Положенье, на первый взгляд, такое. Человек бушевал и обновлялся при виде маленькой карточки и вот получил большую. Человек обезумел от некоторых мест поэмы и вот получил две. На него пролился золотой дождь и с его каплями в волосах он адресуется к источнику: погоди мол, я завтра поблагодарю тебя. Как бы ни было велико у тебя искушенье увидать это в таком роде, как бы ни было велико правдоподобье образа, гони этот призрак, ничем не похожий на истину. Лучше всего было бы в точности исполнить просьбу: забыть меня на месяц. Ради бога не взрывайся. Впрочем я готов допустить и крайность с твоей стороны. Я так в своих надеждах тверд, что готов все начать сызнова. —
Была у меня мысль послать тебе в этот промежуток написанную половину Шмидта, «Поверх Барьеров» и еще всякой дребедени с условьем, чтобы ты мне об этом ни слова не писала, пока я не возобновлю человеческого разговора с тобой. Но Шмидта не хочу окружать оговорками и вообще не пошлю, пока не будет кончен. С тем падает и весь план. Опять были частные совпаденья: блюдце (о море), множество выражений, рифм и пр. в поэмах.
Очень хочется все поскорее устроить с семьей, остаться одному и опять приняться за работу. Разгон верно упущен, но что делать.
Боюсь лета в городе, — духоты, пыли, бессонницы, накатов чужого, но заразительного скотства; идеи ада (бесформенного страданья). Если же воспользоваться одним из сотни приглашений, боюсь захлебнуться благодарностью новых впечатлений освеженья, которое скажется никак не сейчас, а обязательно через годы. Боюсь влюбиться, боюсь свободы. Сейчас мне нельзя. То, что в руках у меня, не так держу, чтобы отложить в сторону. За год ухвачусь ловчее, т. е. — метафоры неуместны — прикован пока к данному подоконнику и к верстаку чудовищностью расходов и невыравнявшимся заработком.

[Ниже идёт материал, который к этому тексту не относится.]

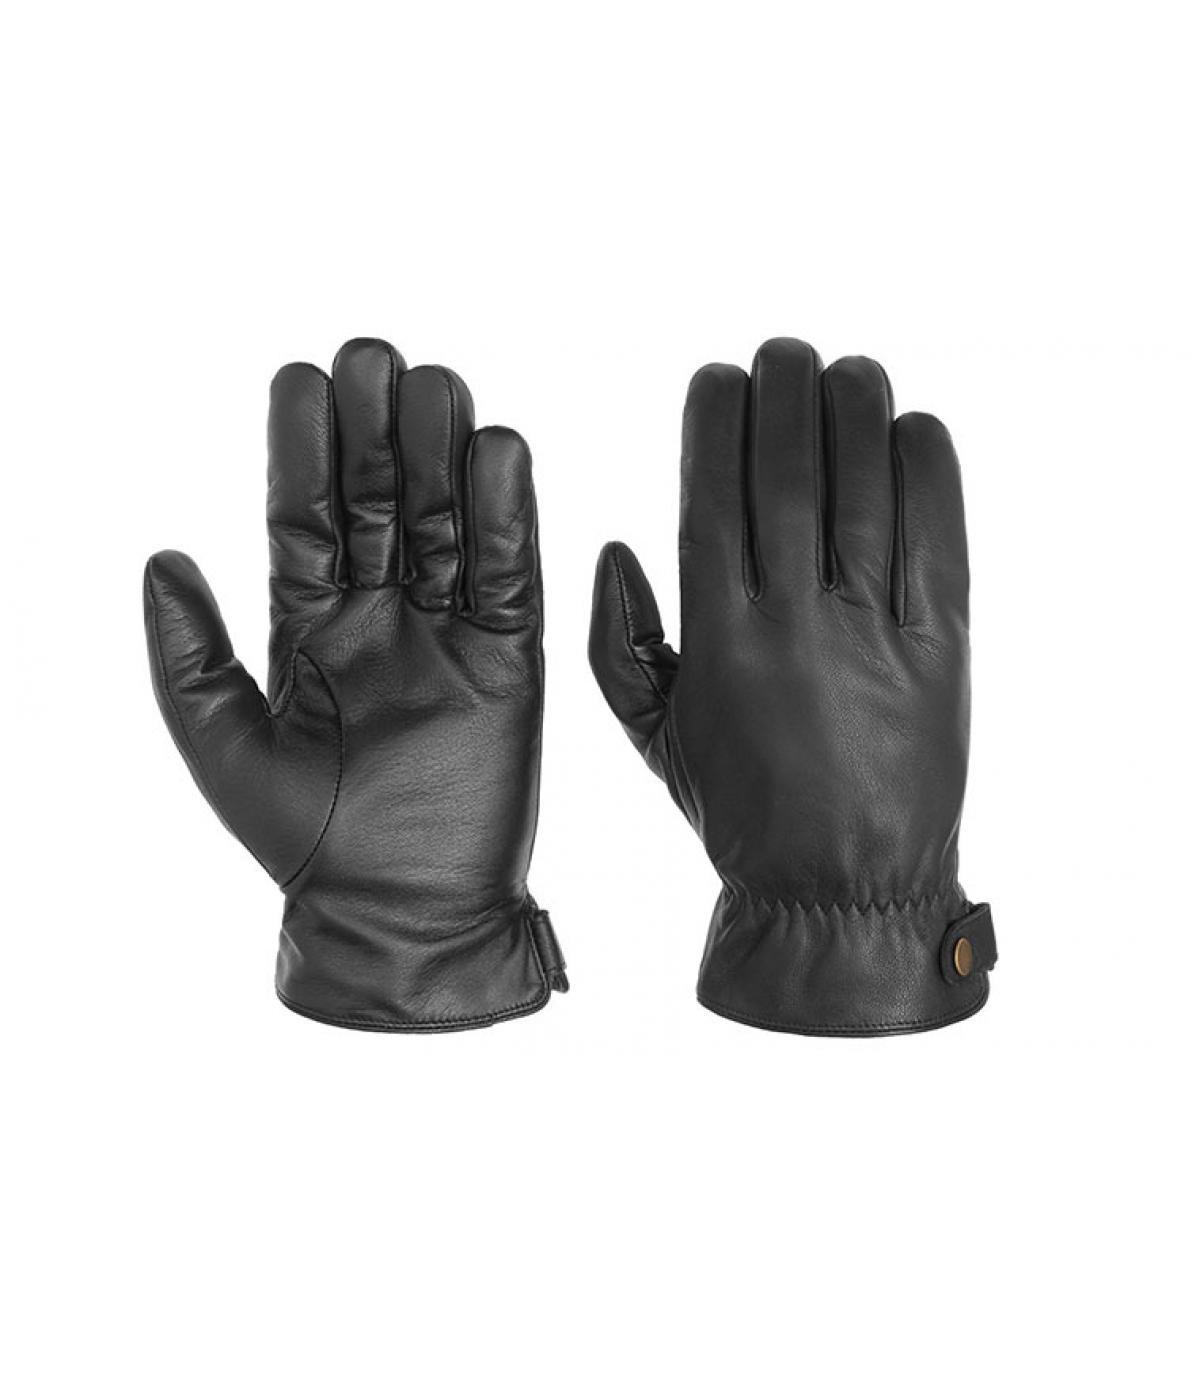 guantes de cuero negro tocan Stetson

Весной был выпад категоризма. Я рванулся было вон из круга вынужденного приниженья Жени, тебя, себя самого и (какой глупый порядок) всего мира. Удручает кажущийся возврат к сеянью обид и обиженности. Я говорю о нравственной неуловимости, которою пересыпан обиход в том случае, когда единственное чистое и безусловное его место составляет работа.
Тебе кажется, что это пусть горько, но нормально. Мне нет.
<Москва>, 7.VI. <19>26
Совпаденья словаря и манеры таковы, что предположенное все-таки вышлю, чтобы не казалось, что Шмидта и Барьеры написал под влияньем Крысолова.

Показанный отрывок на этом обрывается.